The trench itself looks awfully flimsy... makes me wonder how many people died in trench collapses instead of the falling bombs.

Great picture

"The next time I see some spoiled kid whine about having his xBox taken off for a month..."

My thoughts exactly.

And yes, this needs to be set to Pink Floyd music.

Those frightened faces

I just finished reading Judith Kerr's trilogy Out Of the Hitler Time- an autobiography of her childhood fleeing Germany, being a Jewish refugee in France and then England.
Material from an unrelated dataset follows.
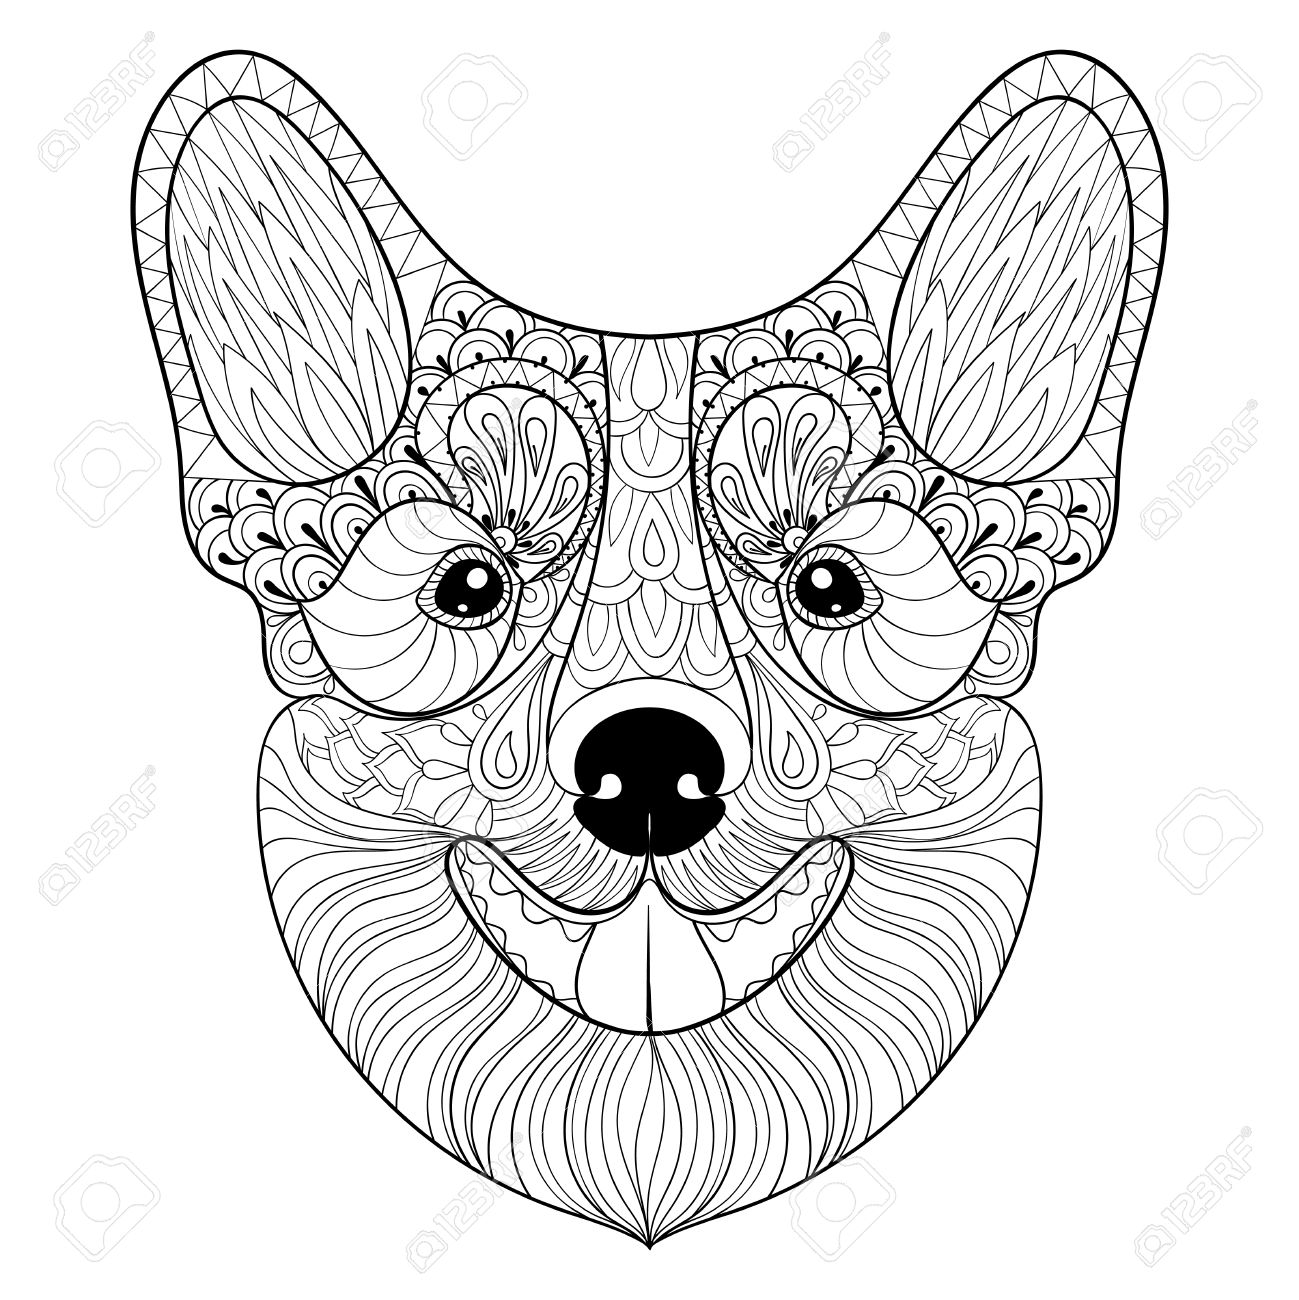 1299x1300 Dog Face In Monochrome Doodle Style. Puppy, Pembroke Welsh Corgi
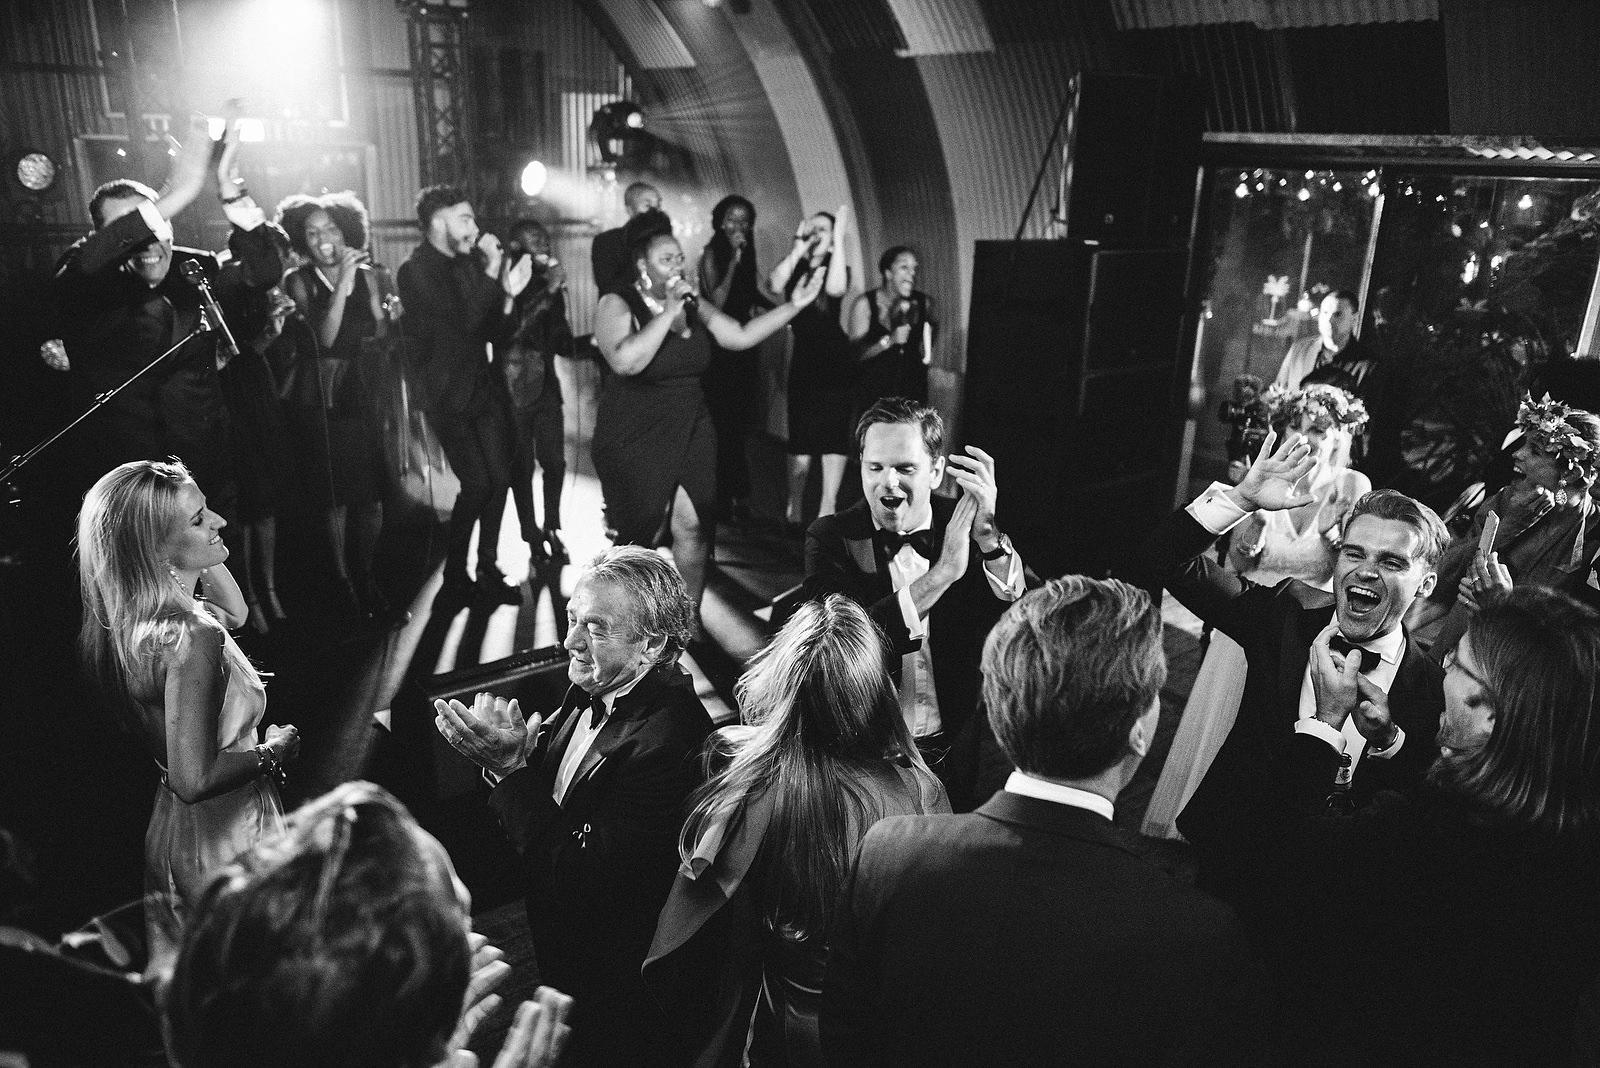 Fotograf Konstanz - Destination Wedding Photographer Amsterdam 127A - Destination Wedding Amsterdam  - 229 -

Her description of the normalcy of life before the bombing, then what it was like to be in a building when the one next door was demolished, was one of the most vivid accounts I have read.

Judith Kerr would be about the age of the dark haired girl in the photo who is on the verge of becoming a young lady.

I wonder what happened to these children. I wonder if any are still alive and if they know they are on the Internet today.

Their eyes

To these kids, the bombs dropping was real. I'm trying to look in their eyes and see fear, but I hardly do. In fact, they seem to be almost amused.

I wonder how I, as a dad, would prepare my children to see the horrors of war. I honestly don't know how I would handle it. That's got to be one of the saddest and most difficult tasks a father must do.

Kids Today

The next time I see some spoiled kid whine about getting their stupid cell phone privileges taken away for a day…

Blue Sky

Did you see the frightened ones?
Did you hear the falling bombs?

Frightening

This is perhaps one of the most frightening photographs I've ever seen.